I wasn't able to write yesterday. I had a huge scare! While I was at my friends house, I noticed some mosquito looking bumps on my feet. They were itchy! I got scared and looked up what it could be. After some research, I found out that it's bed bug bites!!! Gross!!!!!!! Least to say I am not spending the night at my friends house anymore. I was so upset all day , I couldn't hardly get anything done. I basically had anxiety all day and wasn't able to get the things I wanted to get done. 
 I am in the process of planning my sisters baby-shower, and was suppose to go check out a possible location but wasn't able to do it. 
Yep, my little sister is having a baby. She is due in December!! I can't believe it!! We found out it's a boy and I am super excited about that . Just weird that I always thought I would be the one having a baby first. 
 Myself, I am divorced, no kids, 30 now and single. I have been in a few relationships after my divorce, but have a hard time trusting. My ex-husband was an asshole to say the least! He lied all the time, even about stupid shit, like once he lied to me that he was at home when he was really at the grocery store. So stupid! He also was emotionally and physically abusive. I think I have done a pretty good job at blocking out a lot of what he did to me. I am strong, positive and have learned to have lots of fun. It did take a while though. A few years to be exact. I am so proud of myself that I wont settle for anything less than amazing from the next guy I am with. I know exactly what I want. Respect, love, loyalty, a big heart, and simply someone who will be my best friend to go through life together. 
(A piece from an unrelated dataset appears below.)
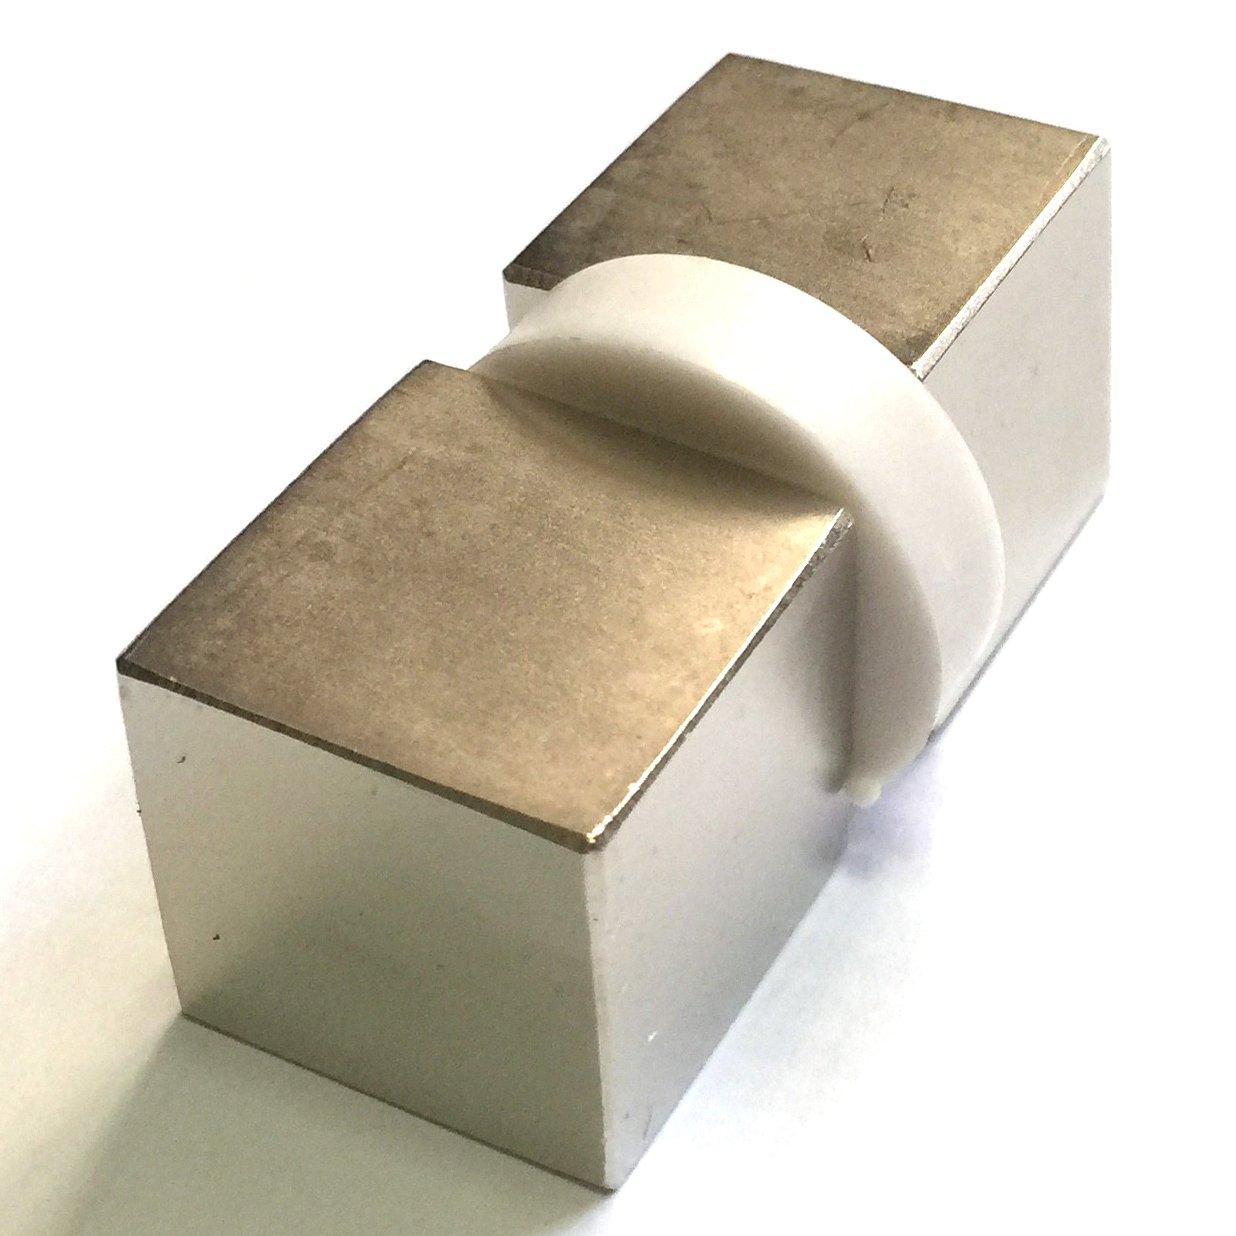 2pcs SUNKEE 1 Cube Block Neodymium Magnet 1 x 1 x 1 Rare Earth Neodymium strong magnet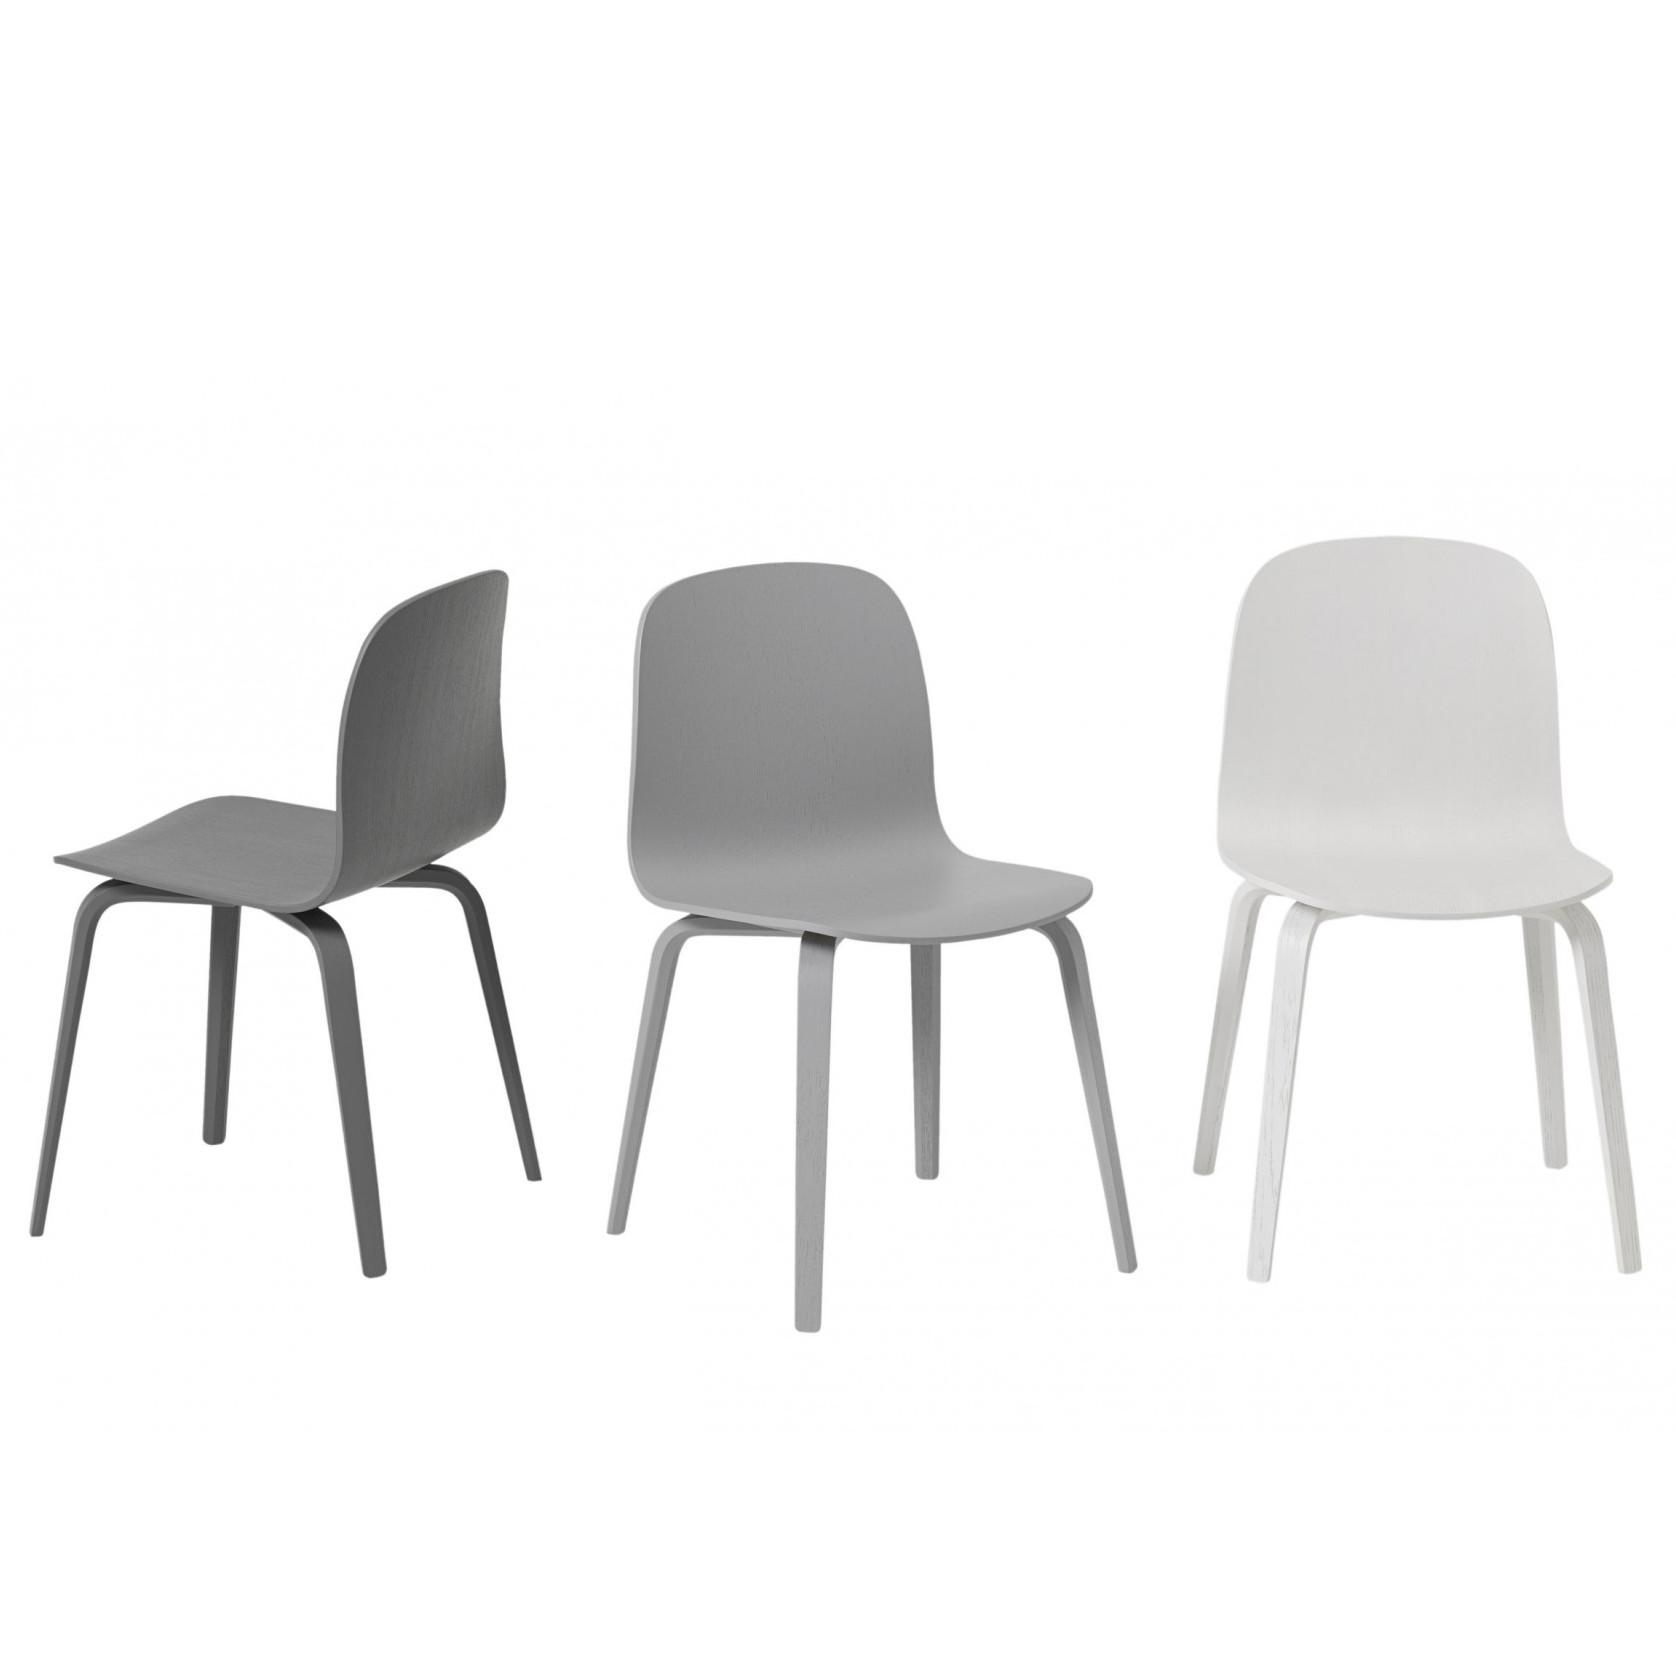 Muuto, Visu chair, Wood base, Black

 So, tonight a few of my friends and I are going to go back to that local club/bar. We like it because it's close to home. Taxi ride is cheap and we get home safe. I like going out now because it helps me escape for a few hours and we get to mingle with people. I usually get so smashed that I end up not remembering what I did after the first few hours of the night. NOT GOOD! But I have been told by people that I curse and try to start fights or that I am a dancing machine! HAHA! But yes, I have realized that I have to cut back and need to be more responsible when I drink. I drove drunk a few times, and I also fell last friday. I remember the fall but don't remember any pain or how I got up. I did text someone after and said " OMG , I just fell, come and get me". 
  Plus My sister lost a boyfriend from drunk driving a few years ago so I should know better. When you're in that drunken state, it's like nothing matters. Your sense of right and wrong really goes out the door! Stupid, I know! So tonight I am going to try to cut back and be more aware of my actions. I already told my friend to take away my keys and hide them at her house. 
 I have never been a huge partier. I use to go out once every few weeks. Like once every 4-6 weeks. But my last relationship (if I can even call it that ), the guy drank every day! And since I quit my job and had nada to do , I started to drink just to not worry so much, and spiralled from there. After dealing with some stupid shit from him, I broke it off and have cut back. Not that it's his fault, because I take 100% responsibility for my actions, but you really do become like those you hang out with. I'm not swayed easily, but I think due to not working, not knowing what else I should do with my life and being around someone who drinks and parties a lot gave an easy route to escape my fears of failure. 
Tonight should be interesting. A friend of mine is trying to hook up another friend of mine with one of his friends, so it should be entertaining. Plus I am excited to let loose after yesterday! Need it! 
I'll write all about it tomorrow or sunday!!!! 
Happy friday to all my readers! And oh yeah , I want to do a song of the day. 
 Todays song is --- > Katy Perry's "Firework". Love this song. And love dancing to it!